Streams may raise a broader range of failures than Iterators defined over in-memory collections:

  • locator() may return an IllegalStateException if the implementation does not allow consuming the stream more than once. For example, the Stream implementation based on gCube Resultsets does not return locators after hasNext() or next() have been invoked;
  • next() may return a wide range of failures (beyond the usual NoSuchElementException and ConcurrentModificationException). Later on, we will discuss in detail the nature of such failures and the strategies that are available to handle them.
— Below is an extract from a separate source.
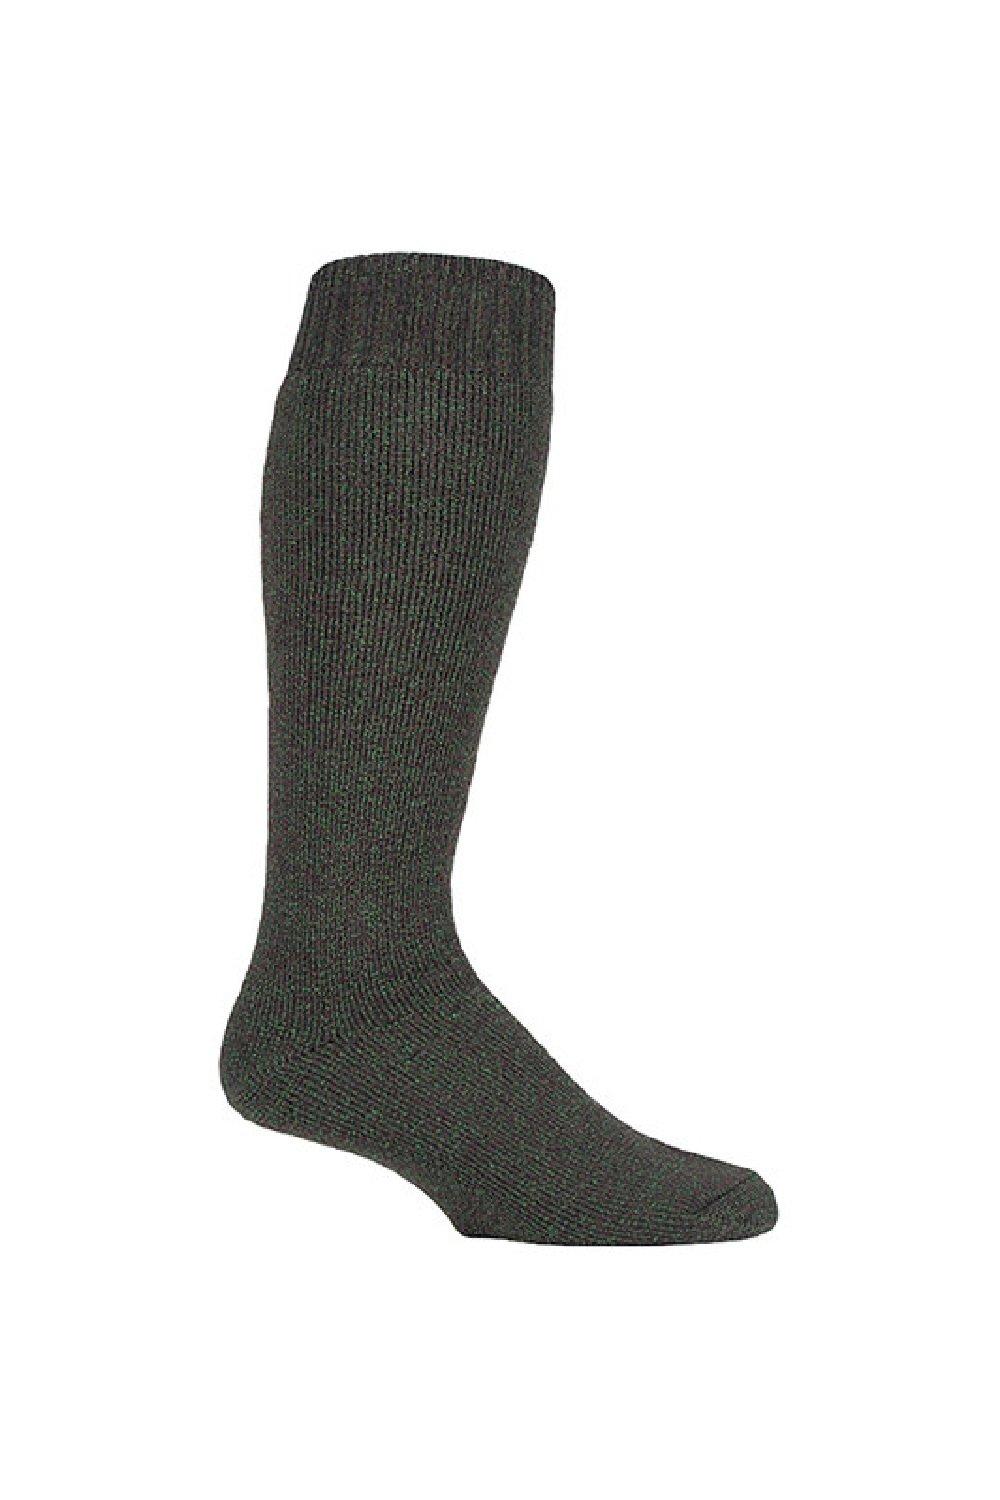 Green Long Wellington Boot Socks 6-11 UK

note:hasNext() and close() do not return failures (other than implementation errors, of course). This aligns with standard expectations for hasNext(), but less so for close() (e.g cf. Closeable.close()). The justification for this is that clients cannot normally recover from closing failures, only log them and debug them. The Stream API leaves implementations responsible for logging or, when appropriate, retrying it. Clients have only the onus of enabling the logs.
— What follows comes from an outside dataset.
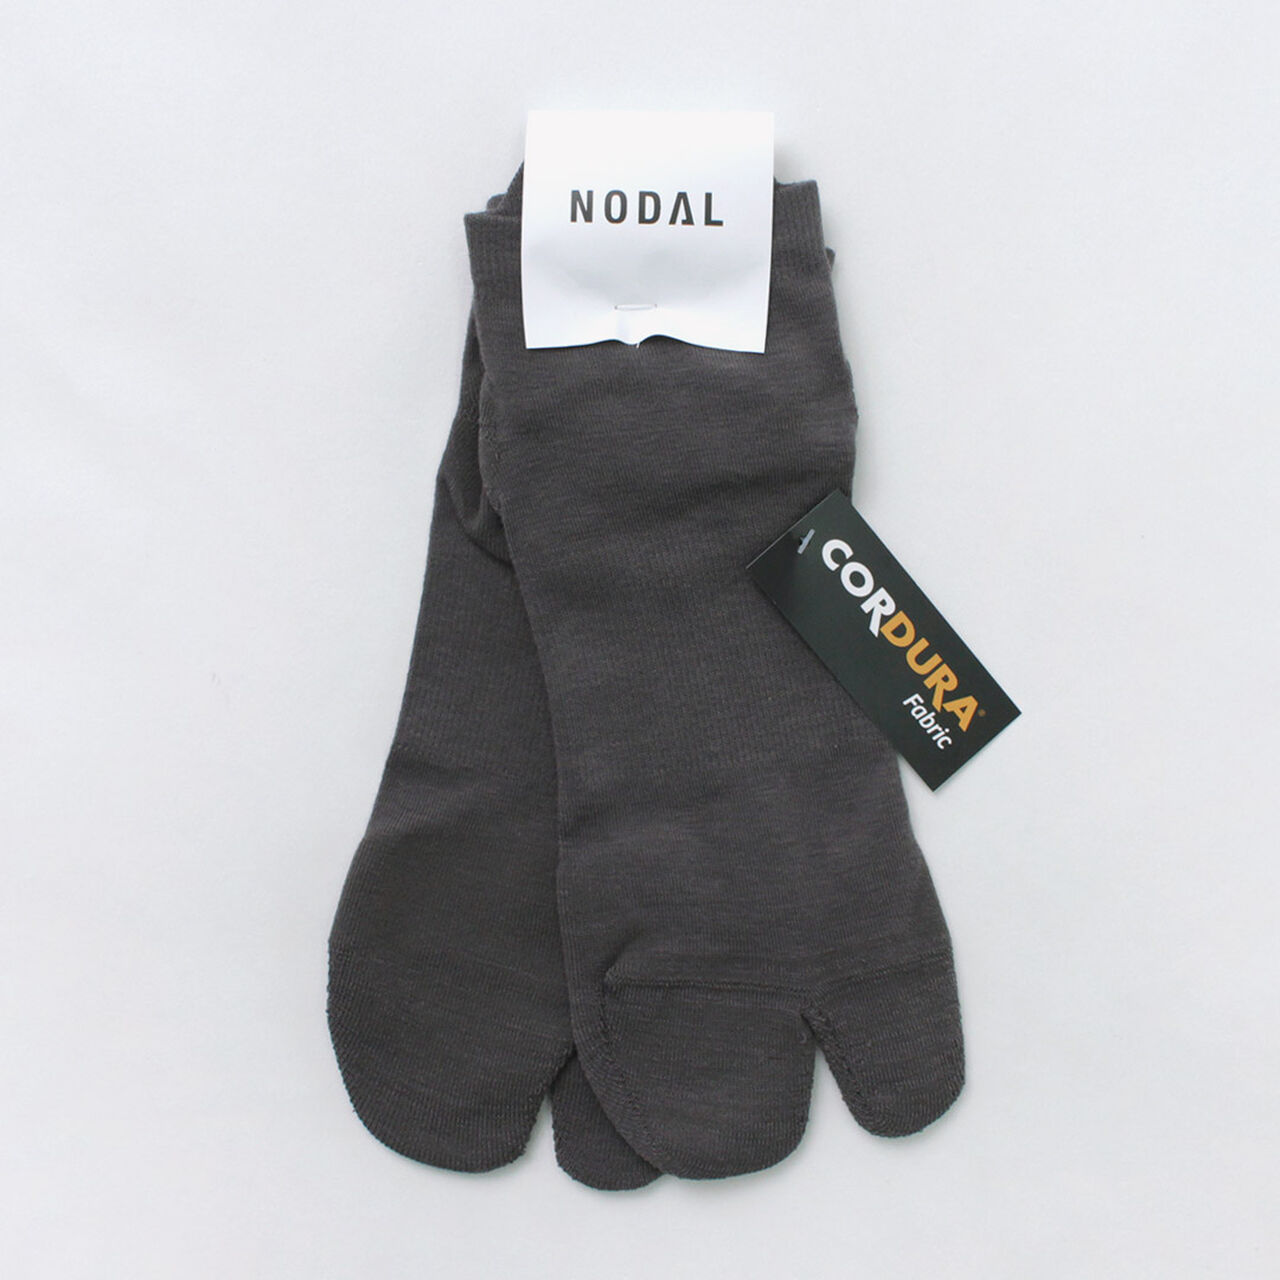 Cordura 60/40 Ankle Socks,Grey, large image number 0

Due the increased likelihood of failures and the need to release resources, a safe idiom for Stream consumption is the following:

Stream<MyElement> stream = ...
try {
 while (stream.hasNext()) {
  ....stream.next()...
 }
 finally {
  stream.close();
 }

With this idiom, Stream implementations release resources regardless of whether all its elements have been iterated over, e.g. when clients terminate abruptly due to a failure or an intentional early exit (a break in the main loop).

The Stream Language

Based on the Stream interface, the streams library implements an embedded domain-specific language (eDSL) of stream sentences.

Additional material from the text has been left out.